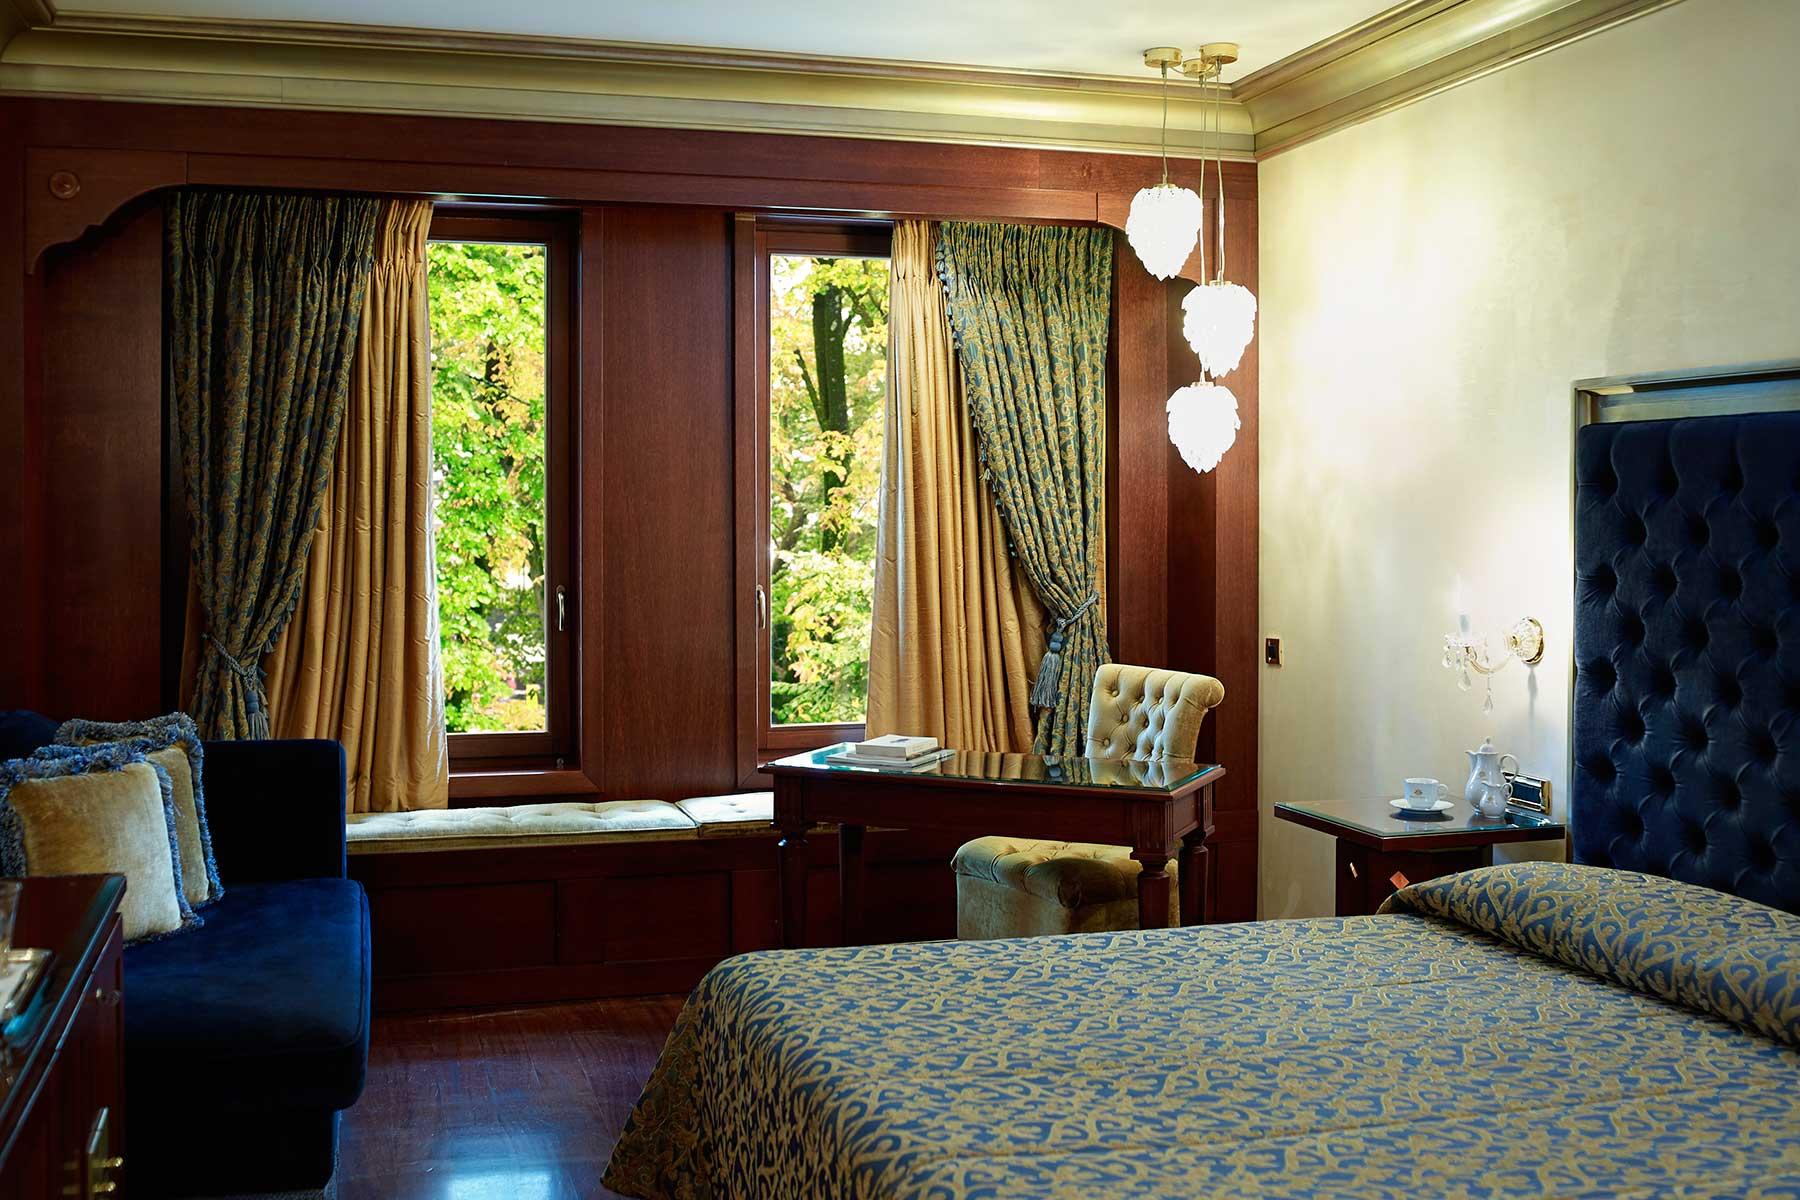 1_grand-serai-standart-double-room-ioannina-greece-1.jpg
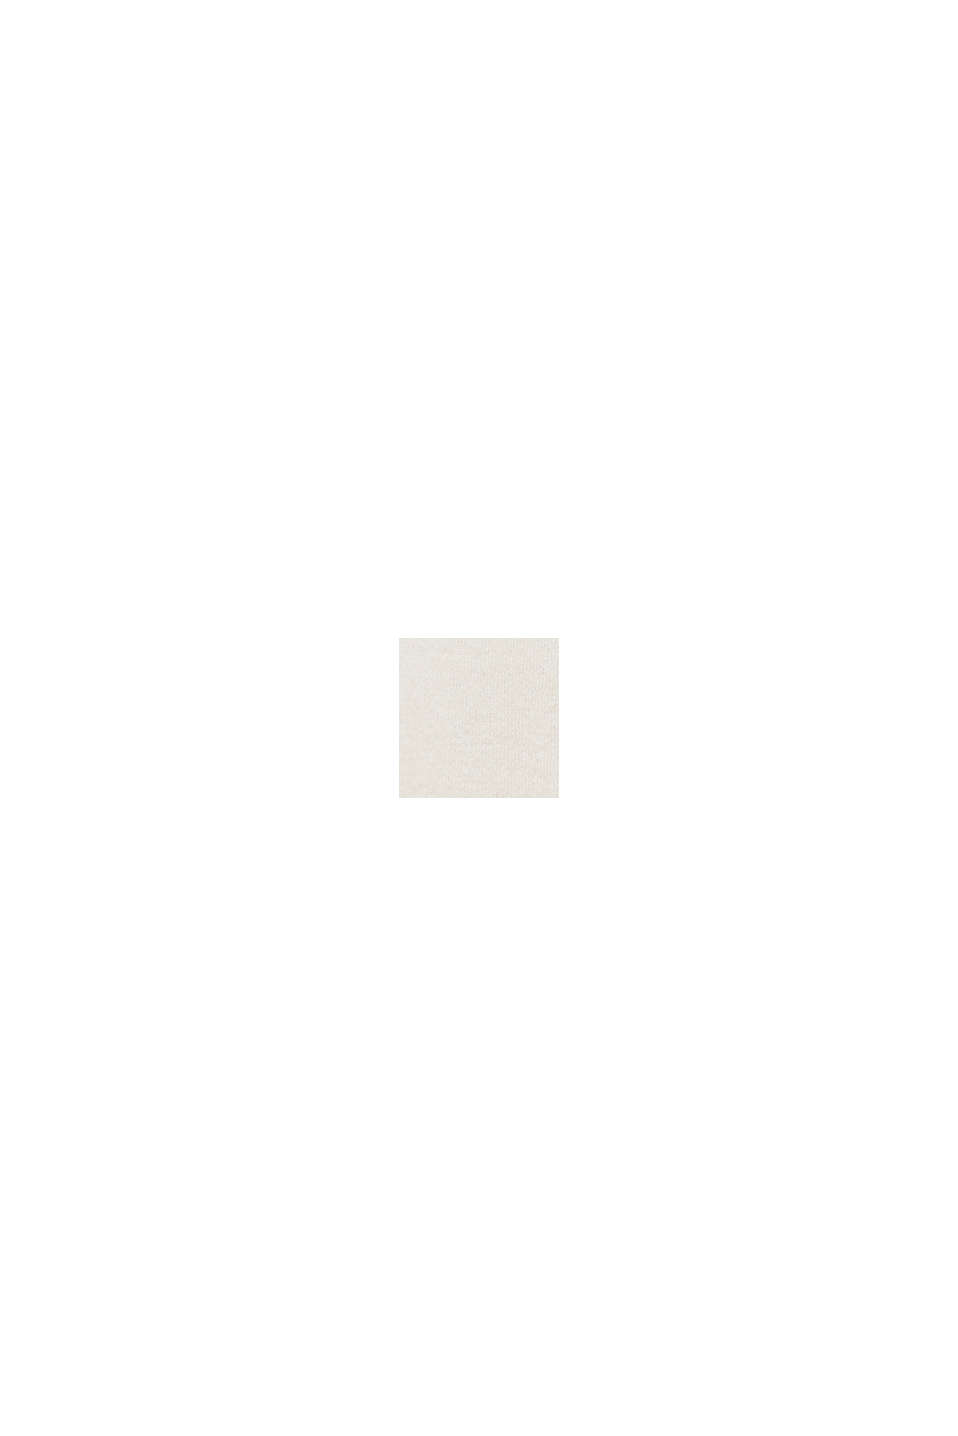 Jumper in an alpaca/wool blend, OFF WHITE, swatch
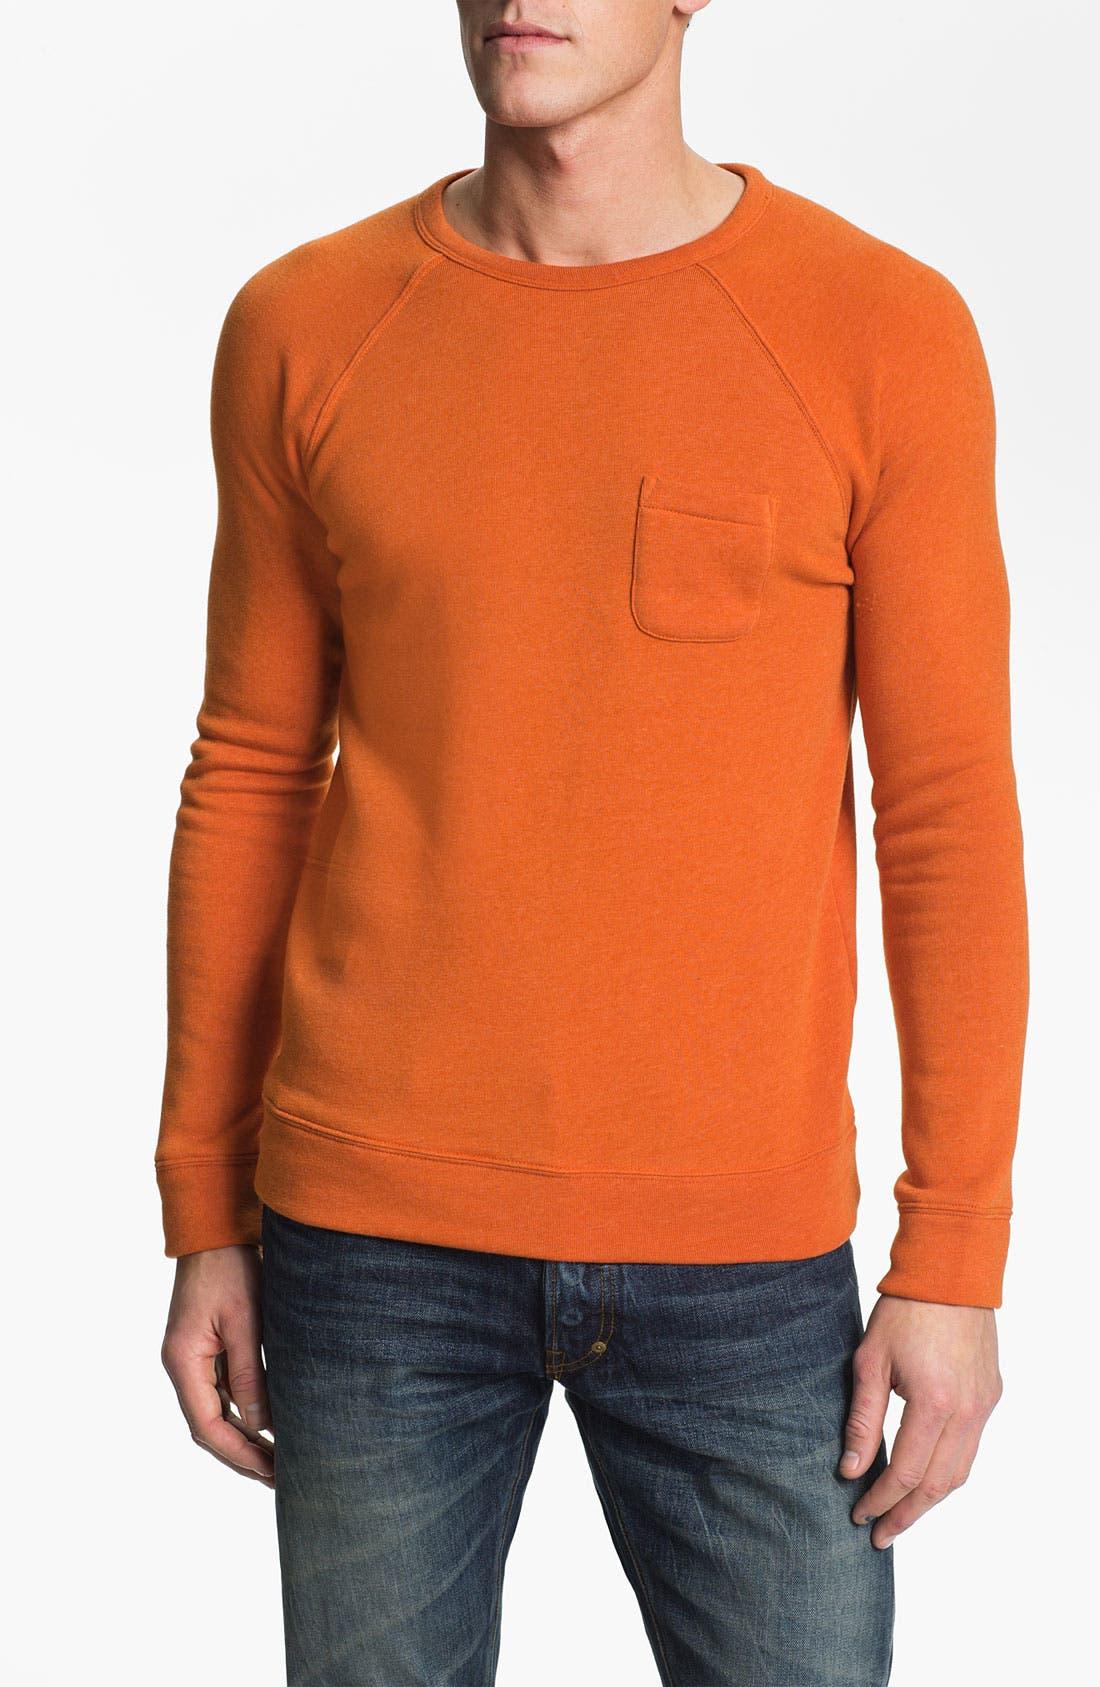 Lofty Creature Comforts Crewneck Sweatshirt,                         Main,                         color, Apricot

> **Task brief**
Reproduce the whole listing word for word, setting aside any pictures.

> **Response to this task**
 1_grand-serai-standart-double-room-ioannina-greece-1.jpg
 Jumper in an alpaca/wool blend, OFF WHITE, swatch
 Lofty Creature Comforts Crewneck Sweatshirt,                         Main,                         color, Apricot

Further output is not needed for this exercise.